The complications and emotions drawn out through this ostensibly simple setup are what give Open Hearts its great power. It follows every line of emotional enquiry as it unearths it, never shying away from the pain and awkwardness of what it uncovers. In this sense we have here a very mature and powerful drama. A genuine film for adults and something mainstream Hollywood seemingly forgot how to make many years ago. The film captures convincingly the ridiculous little conversations couples often have and the actors really don’t put a foot wrong with their chosen lot. As feelings deepen and tough decisions have to be made the tension and drama modulates with perfect naturalism. It’s a very hard thing to do right but Bier and co. are obviously equal to the task.

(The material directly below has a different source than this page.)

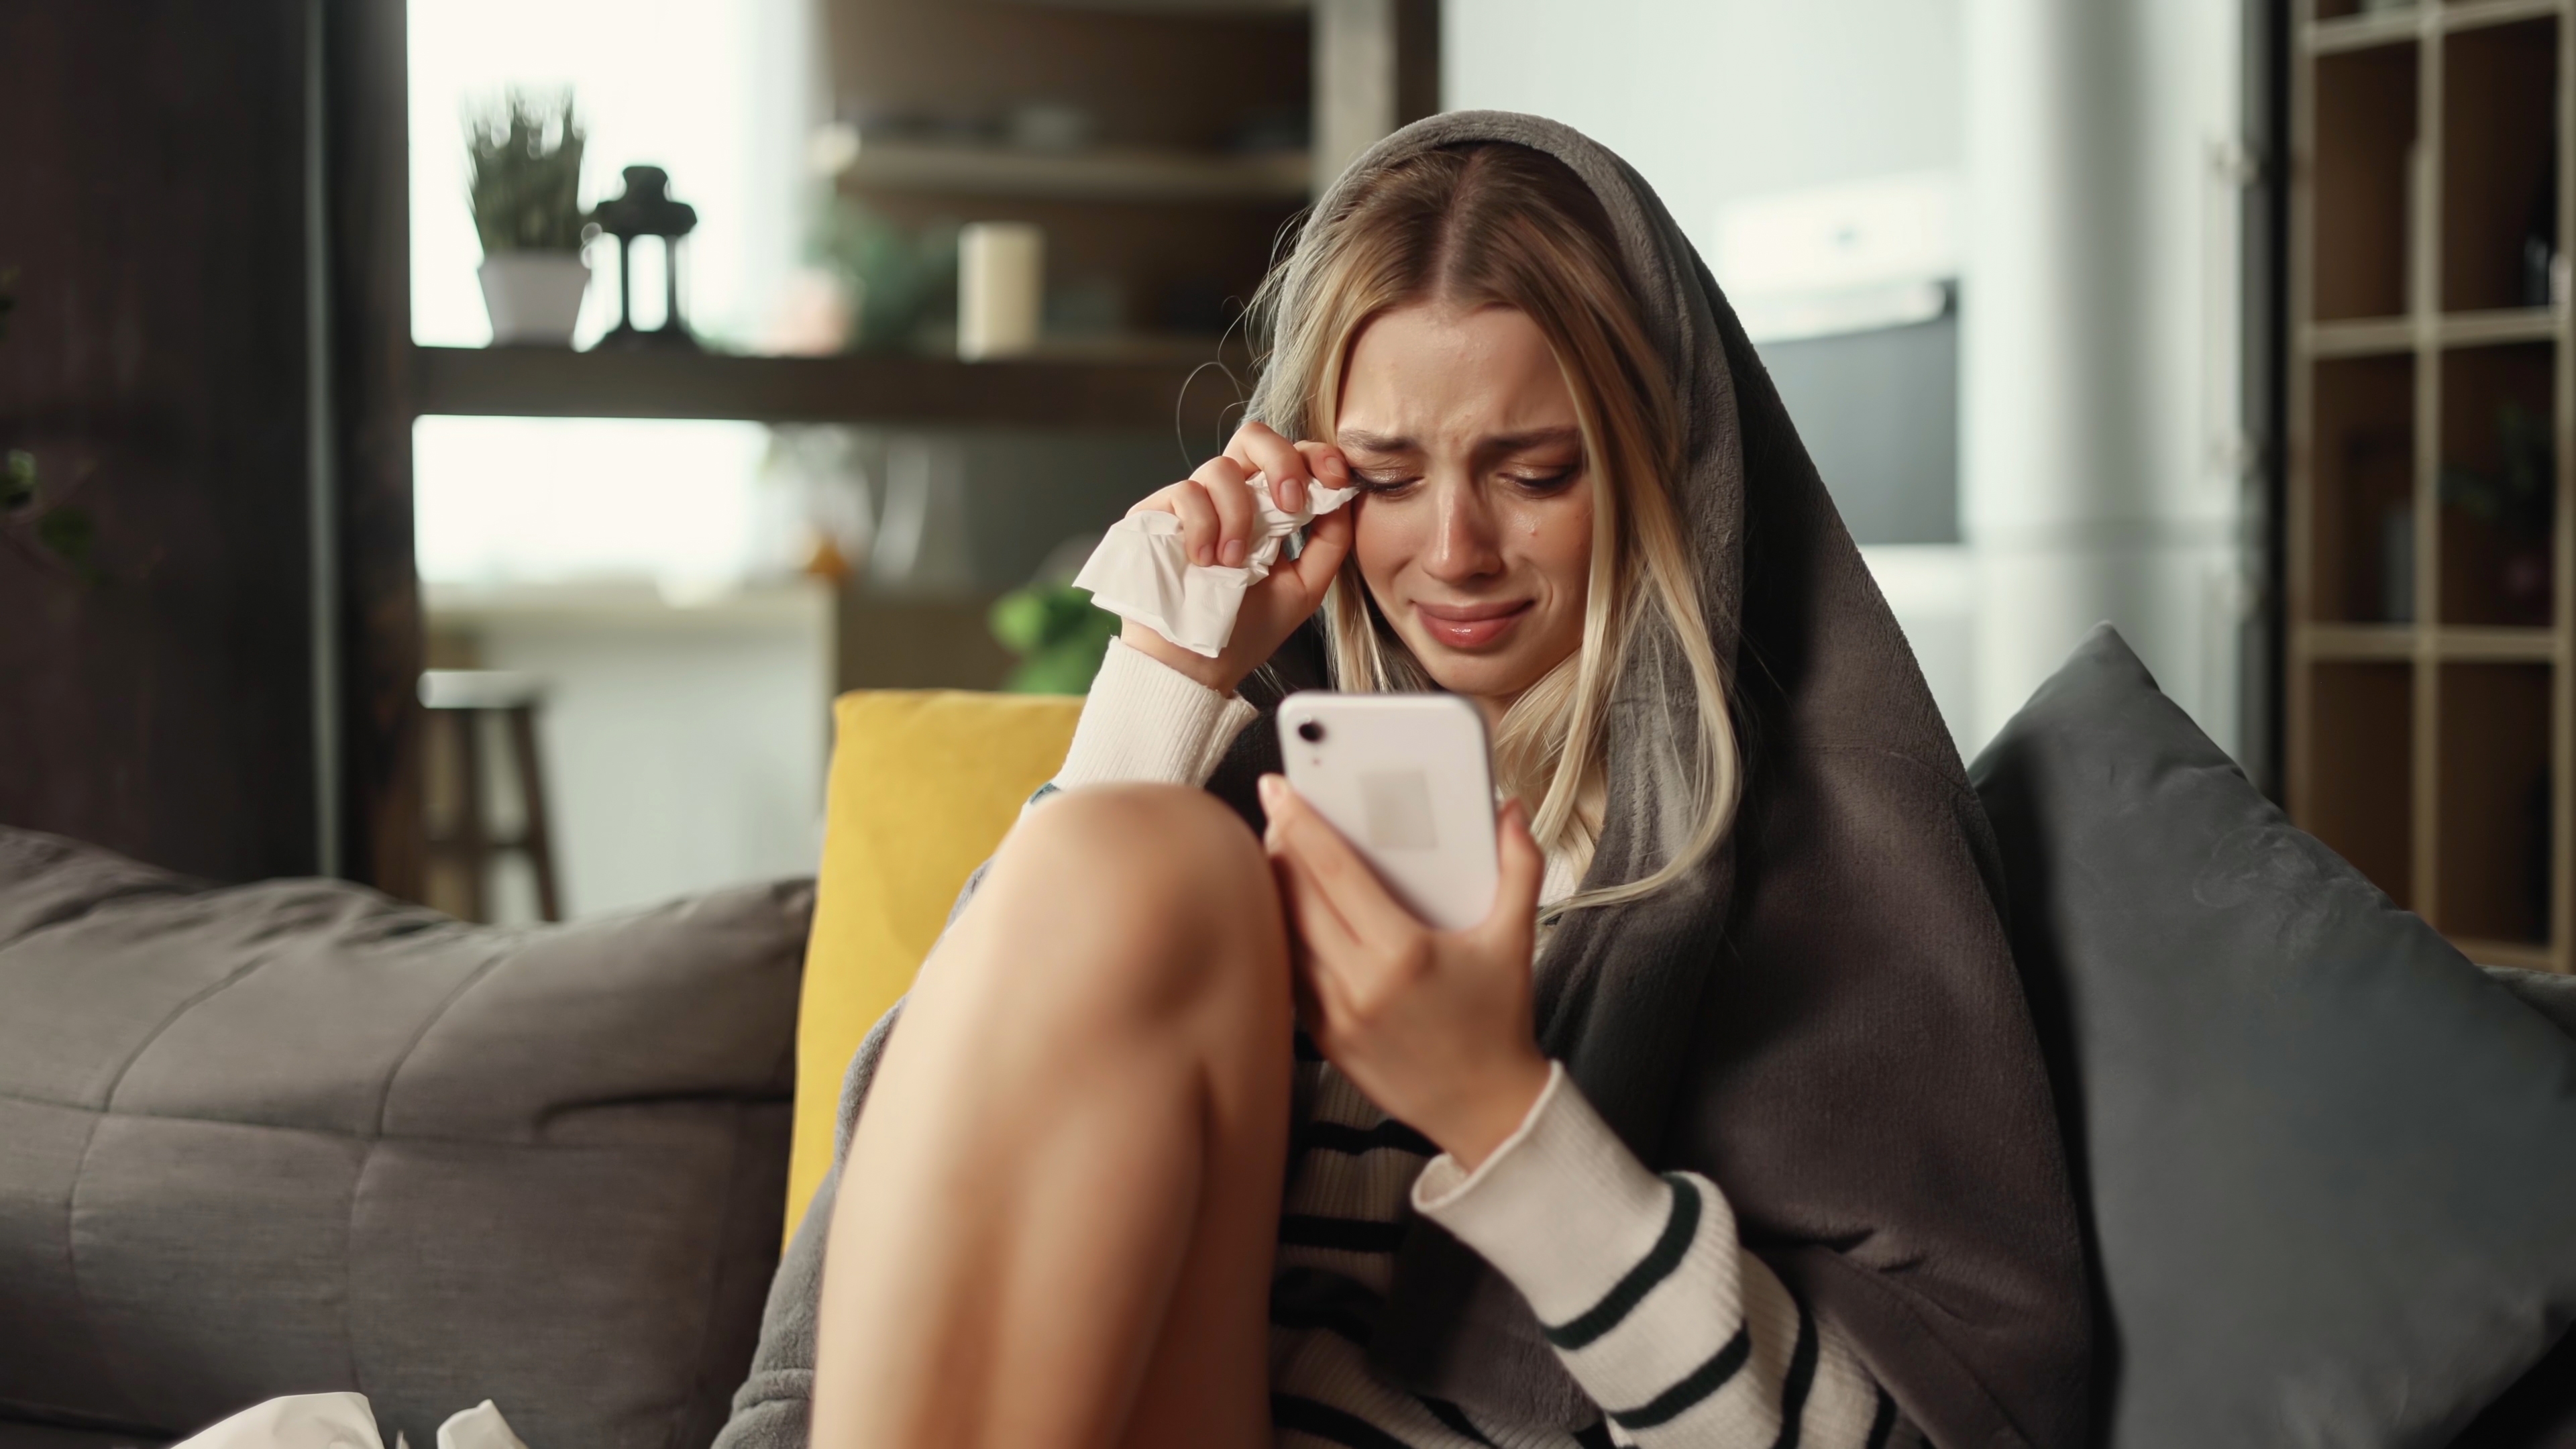 Junge Frau weint, während sie ihr Telefon benutzt | Quelle: Shutterstock

In the end, as with all good things, we are left with a layer of ambiguities. The film avoids absolutely any sermons or lectures on the actions of the various characters. What is shown here is simply what can happen when circumstance and feelings get the better of us. An interesting and intelligent dimension of the script is Niels’ young daughter Stine who serves as something of a mirror for her father’s behaviour. Her own young love life is not going so well and so her harsh reactions and judgments (which turn out to be more intuitive than most) serve to frame the actions of the various adults. Where love and affection is involved everyone is basically something of a slave, young and old alike, and knowledge or experience can’t really diminish vulnerability. On that note the handling of sexual elements within the film was also wonderfully upfront with a sensuousness generated in the briefly glimpsed moments of passion. It’s a serious indictment of the industry, although not a surprising one, that portrayals of sex that actually mirror reality are so hard to come by.
I suppose a word or two is in order with regards to the Dogme School of filmmaking from which this film takes its cues. It’s probably unsurprising that I think Dogme is, in and of itself, a stupid idea. What Von Trier and Vinterberg imagined was perfectly fine and the issues they sought to address are legitimate. The problem is with their decision to formalise proceedings. This really does open them up to the accusations of attention seeking that they have rightly received. After all, simply looking at Open Hearts we realise it’s hardly a step away from Bergman’s masterful Scenes From a Marriage, an obviously non-Dogme production. Artistic needs should inspire process and not the other way around. This renders any sort of formal code for producing a film fairly pointless. This is hardly helped by the fact that virtually no film has ever actually properly followed the code as laid out. All this is to say, the conception of filmmaking Dogme sought to arrive at is perfectly fine and perfectly legitimate but any real intent to formalise and codify such an aesthetic is the work of the utterly misguided. No surprise then that Von Trier was involved.
What’s unusual then is that the major breaks Open Hearts makes from strict “Dogme dogma” are actually some of the elements I would consider less well advised. None are particularly problematic but various little elements, most notably the use of little sequences shot on Super 8 to illustrate moments of fancy among the characters (especially moments of physical contact—in these Joachim can move) actually serve to undermine dramatic intensity rather than enhance it. The moments were there anyway, they didn’t need visualisation. On the other hand, this same technique offered a somewhat similarly low-key film like Adam and Paul its key moment of dramatic intensity. The technique can pay dividends but Jensen’s script and the actors’ wonderful performances needed no such aid.
There are various other lapses from Dogme principles but they’re hardly worth dwelling on (shock, gasp, they used theatrical blood for the car crash and some non-diagetic sound too). All in all, a superbly well crafted drama and a real pleasure. I suppose I shall always be left to wonder how Denmark has managed to create and develop such a superb film industry while my own country, Ireland, of similar size, population and wealth, achieves almost exactly fuck-all on that count.